Zutaten für eine kleine Guglhupf-Form (1/2 Menge):
125 g Butter, zimmerwarm
125 g Zucker
2 Eier (Kl. L) (bei doppelter Menge entweder 4 L Eier oder 5 M Eier)
½ TL Vanilleextrakt oder ½ Pck. Vanillezucker
1 kleine Prise Salz
200 g Mehl
½ Pck. Backpulver
2 EL Milch
13 g Backkakao (kein „Kaba“)
2 EL Milch
½ Glas Sauerkirschen bzw. 1 kleines Glas Sauerkirschen (ca. 200 g Abtropfgewicht)

Für die Form:
1 EL Butter
etwas Mehl

Ansonsten:
Puderzucker
Kirschsaft

Besonderes Werkzeug:
Schneebesen einer Küchenmaschine oder eines Handrührgeräts
Sieb
Guglhupf-Form mit etwa 16 cm Durchmesser

Zubereitung:
Den Backofen auf 180 °C Ober- und Unterhitze vorheizen. Die Form mit etwas Butter einpinseln und mit Mehl auskleiden, sodass eine ganz dünne Schicht Mehl an der Butter haften bleibt.

Die Sauerkirschen in einem Sieb abtropfen lassen, den Saft auffangen (einen kleinen Teil des Saftes benötigen wir später für die Glasur).

Die Butter mit dem Zucker 3 min weißcremig aufschlagen. Die Eier einzeln hinzugeben und jedes Ei sorgfältig unterschlagen. Salz und Vanille dazugeben und verrühren.
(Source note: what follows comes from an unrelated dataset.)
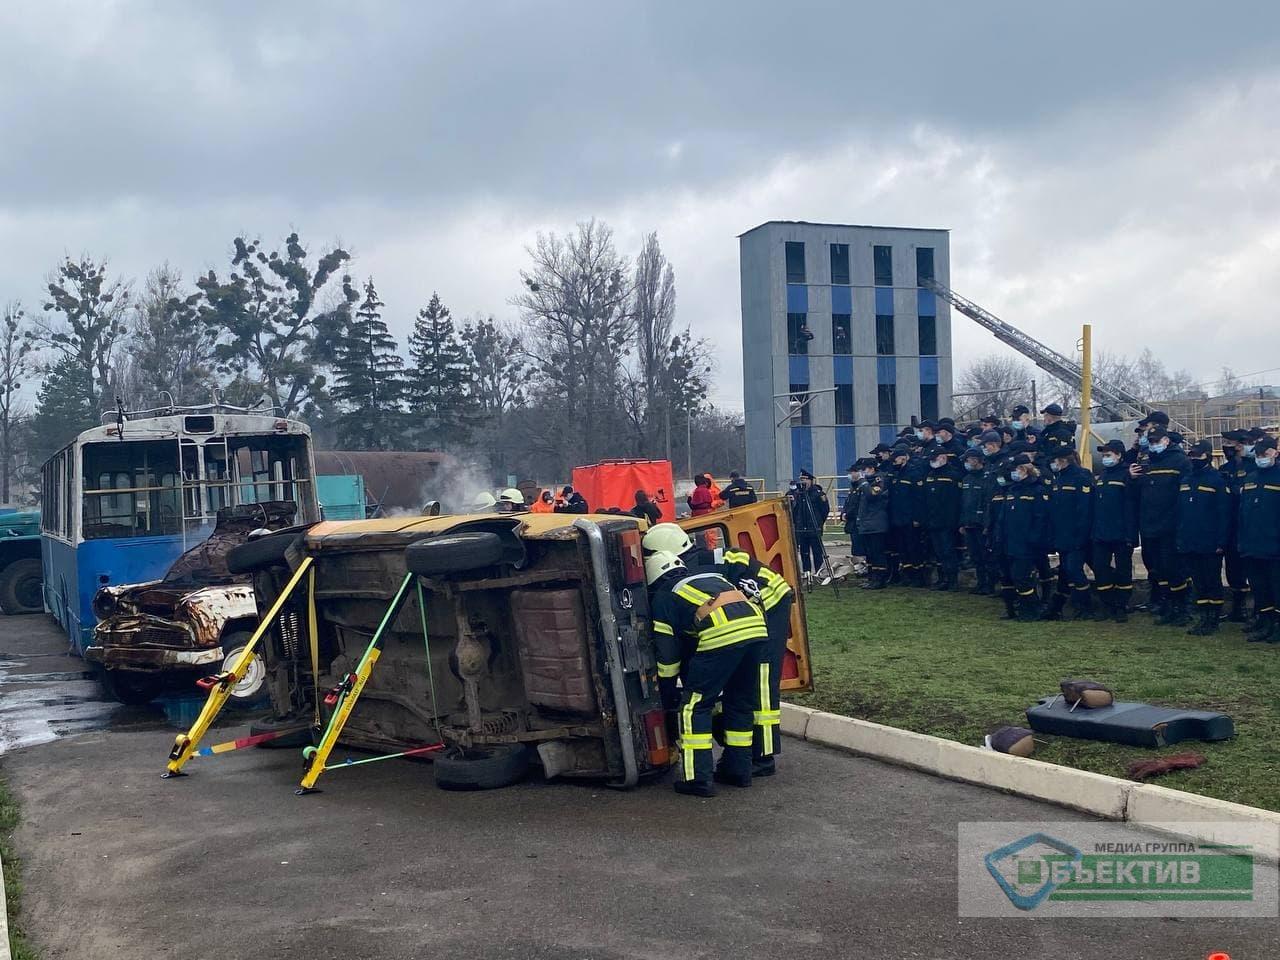 В Харькове тушат самолет АН-26 и ликвидируют последствия химической аварии (фото, видео)

Mehl und Backpulver zur restlichen Masse sieben (!) und zusammen mit 2 EL Milch kurz und zügig unterrühren. Bitte nicht zu lange rühren, da das Backpulver sonst an Wirkung verliert. 2/3 des Teigs nun in die vorbereitete Guglhupf-Form füllen. Die abgetropften Kirschen darauf verteilen.

In den restlichen Teig den Kakao und die restliche Milch geben. Erneut kurz unterrühren. Den Schokoteig nun auf den Kirschen verteilen. Mit einer Gabel den hellen Teig mit dem Schokoteig leicht vermischen und so die typische Marmorierung herstellen.

Bei mittlerer Schiene wird der Kuchen nun für circa 40 bis 50 min gebacken (große Kuchen brauchen eine längere Backzeit). Stäbchenprobe bitte nicht vergessen! Anschließend den Kuchen aus dem Ofen holen, 5 min in der Form ruhen lassen und danach stürzen und den Kuchen auf einem Kuchengitter abkühlen lassen.

Sobald der Kuchen erkaltet ist, etwas Puderzucker über den Kuchen sieben. Anschließend die Glasur herstellen. Dafür 3 EL Puderzucker mit 1 EL Kirschsaft glatt rühren. Falls die Masse noch zu dick sein sollte, dann noch etwas Kirschsaft hinzufügen. Die Glasur mit einem Löffel über dem Kuchen verteilen.

Der Kuchen kann sofort verzehrt werden. Er schmeckt luftdicht verschlossen auch am zweiten Tag noch sehr gut.

Viel Spaß beim Nachbacken und einen guten Appetit!